Behind the scenes of the food industry: Our Daily Bread

See where your food is from

If you’ve ever wanted to know more about the food you eat – to see what goes on behind the scenes of the modern food industry; to witness current food production and farming practices; to see inside abattoirs, hatcheries, food factories and glasshouses – then Nikolaus Geyrhalter’s wonderful, revealing, disturbing and moving Our Daily Bread is the film for you.

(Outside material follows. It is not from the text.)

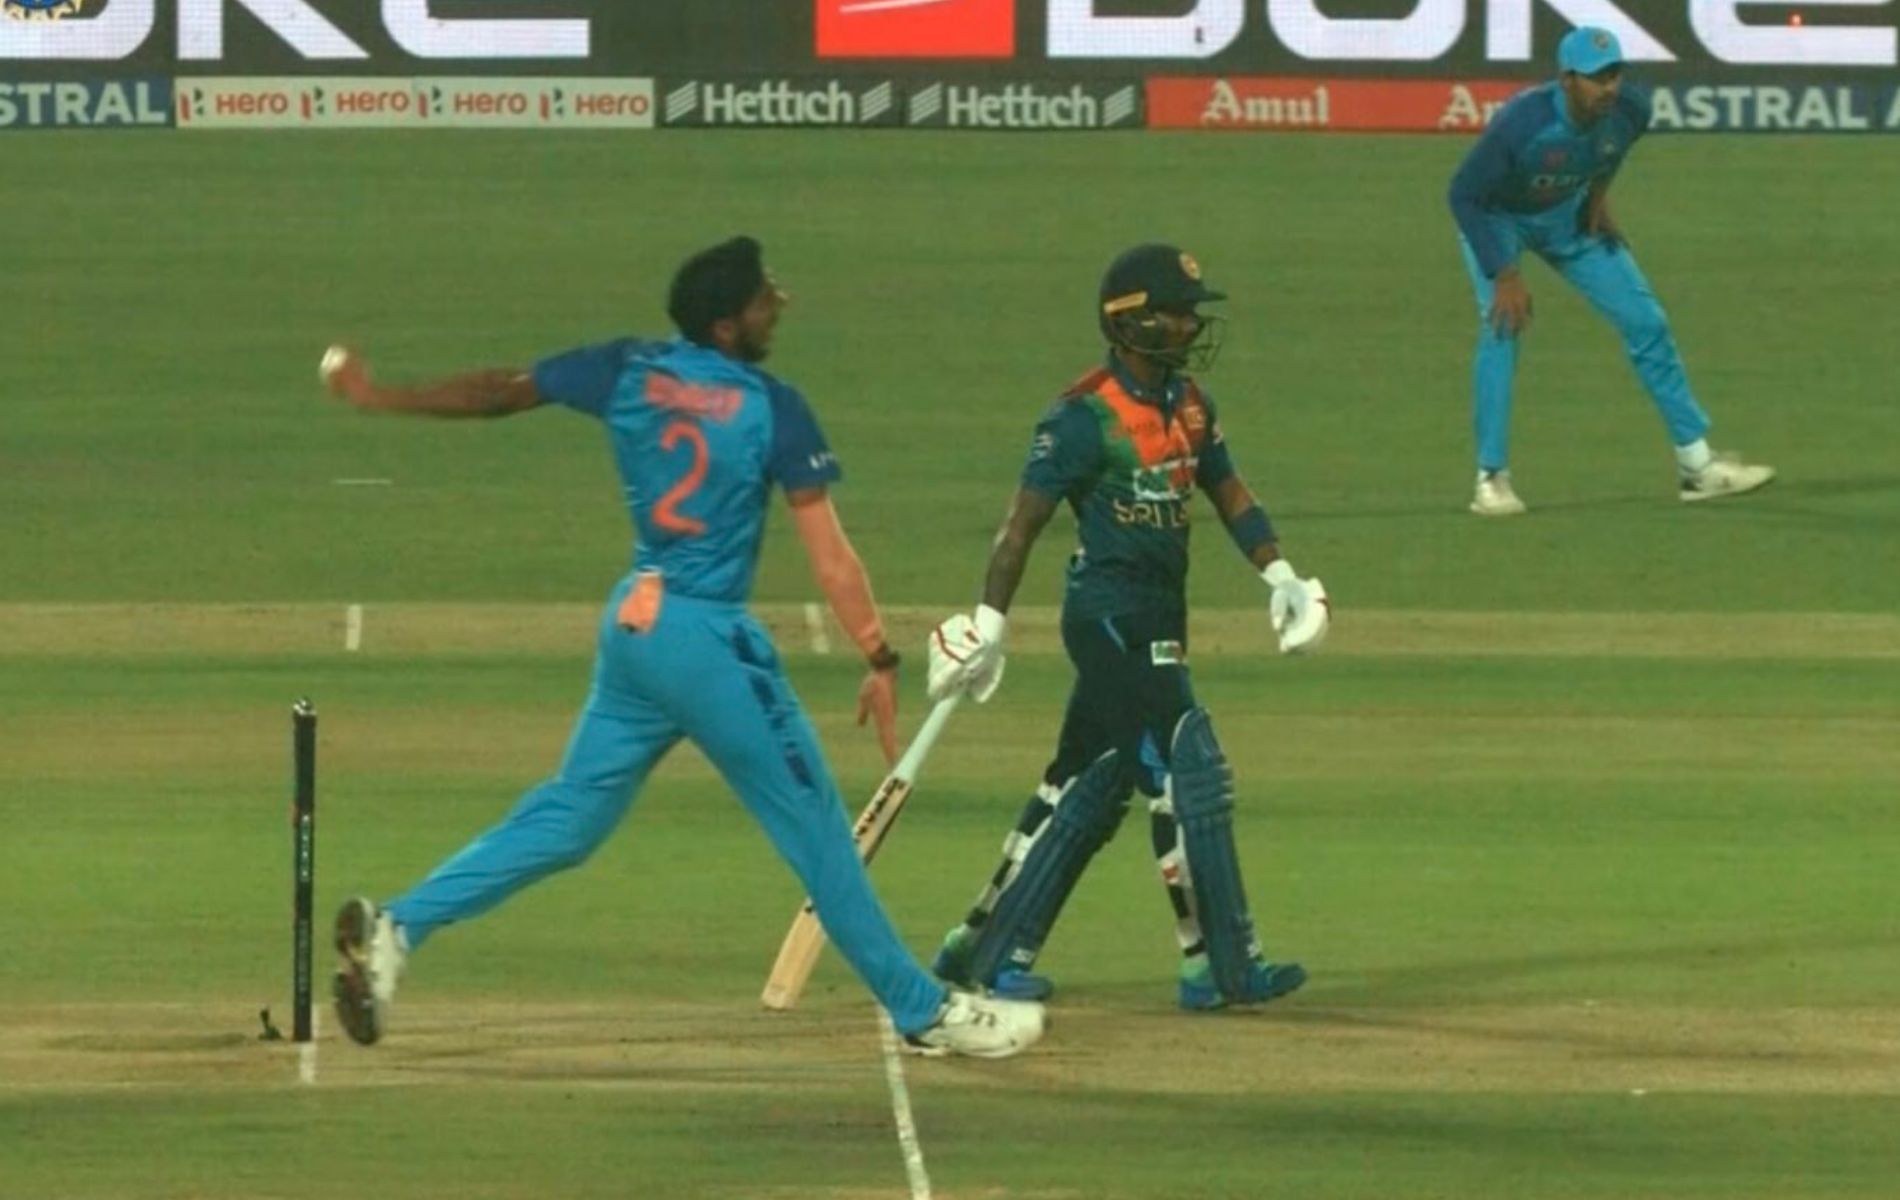 Arshdeep Singh (L) conceded 19 runs from his first over. (Pic: Disney+Hotstar)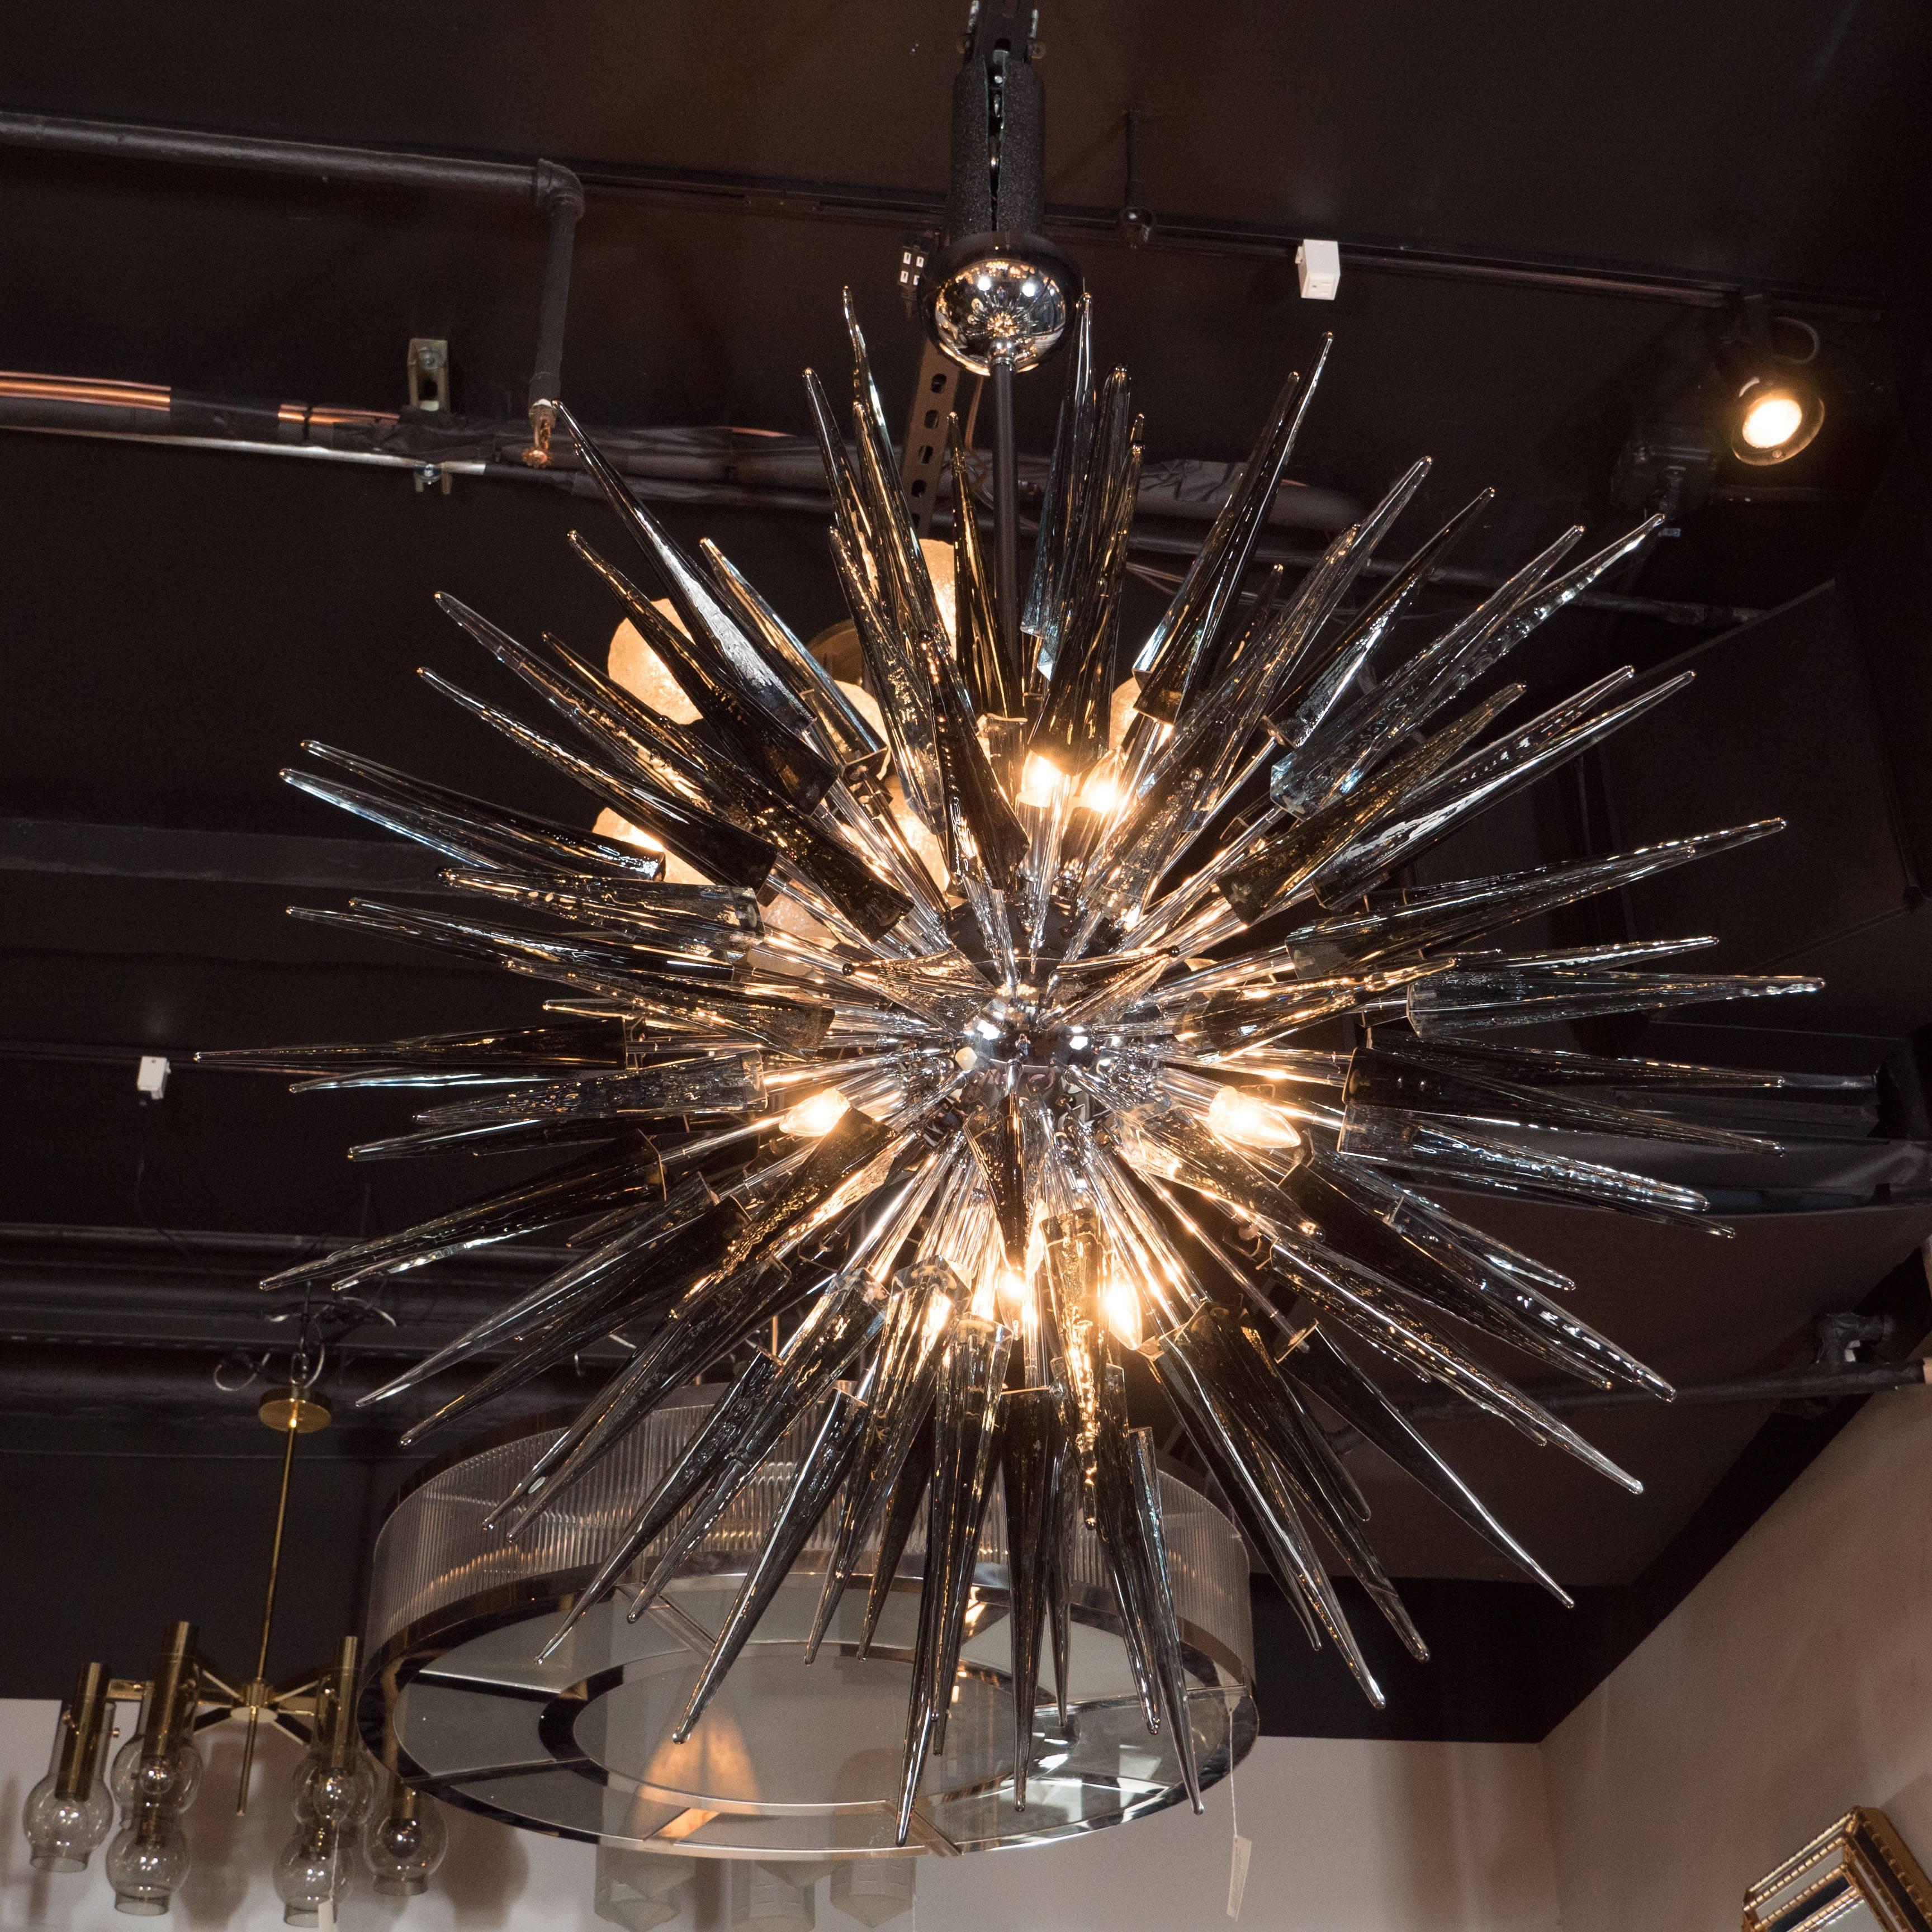 This stunning smoked grey Murano glass spiked starburst chandelier was hand blown in Italy circa 2000. It features an abundance of spiked rods emanating from its center in alternating lengths, giving its overall form a staggered

For those who missed its run at the ICA and single screening on Channel 4 earlier this year – or if, like me, you saw it but still want to take in its hauntingly compelling images again – the film is now now available on DVD.

Field harvest

Critical praise

Since its release in 2006, Our Daily Bread has enjoyed success and praise at film festivals and screenings around the world:

shocking and profound … crushing and sublime
(Philip Hoad, The Guardian)

the film’s formal elegance, moral underpinning and intellectually stimulating point of view also make it essential. You are what you eat; as it happens, you are also what you dare to watch.
(Manohla Dargis, The New York Times)

Spraying sunflower crop

The inside story of food: from hatchery to abattoir

Our Daily Bread shows the production of our food with an unflinchingly dispassionate eye, lingering on scenes of giant fields and glasshouses, day-old chick packing units, abattoirs and cutting plants long enough for the viewer to take in the alien details of ordinary food.

Hatchery

In many scenes, the scale alone is staggering. Wide shots of rows of crops stretching into the distance and seemingly endless processions of animals for slaughter defy comprehension. Elsewhere, the baroque complexity of food processing is at odds with the mundane everyday products that result.

The human element

Industrialised food production may often be a streamlined and efficient largely mechanised process, but people still play a fundamental role. The critical actions are almost always still carried out by human hand: the harvesting of salad leaves or tomatoes, the sorting of animals, the killing of livestock, the finer elements of butchery.

Glasshouse spraying

Our Daily Bread successfully captures the human side of factory farming and food processing, focussing on the workers. Though the film has no commentary, leaving judgement to the viewer, it’s hard not to see many of these farm and food workers as alienated by their isolation in dehumanised surroundings, numbed by the commodification of the food – often live animals – they handle and the often repetitive nature of their work.

Not for the squeamish

The pictured stills are some of the less gruesome scenes of the film, which also shows conveyor belts laden with young chicks, pig carcasses swaying as they’re hauled around the abattoir, the swift felling of a cow by electrocution and the delivery of a calf by Caesarean section.

Fish filleting

Dare you confront the truth beyond your plate and the supermarket shelves?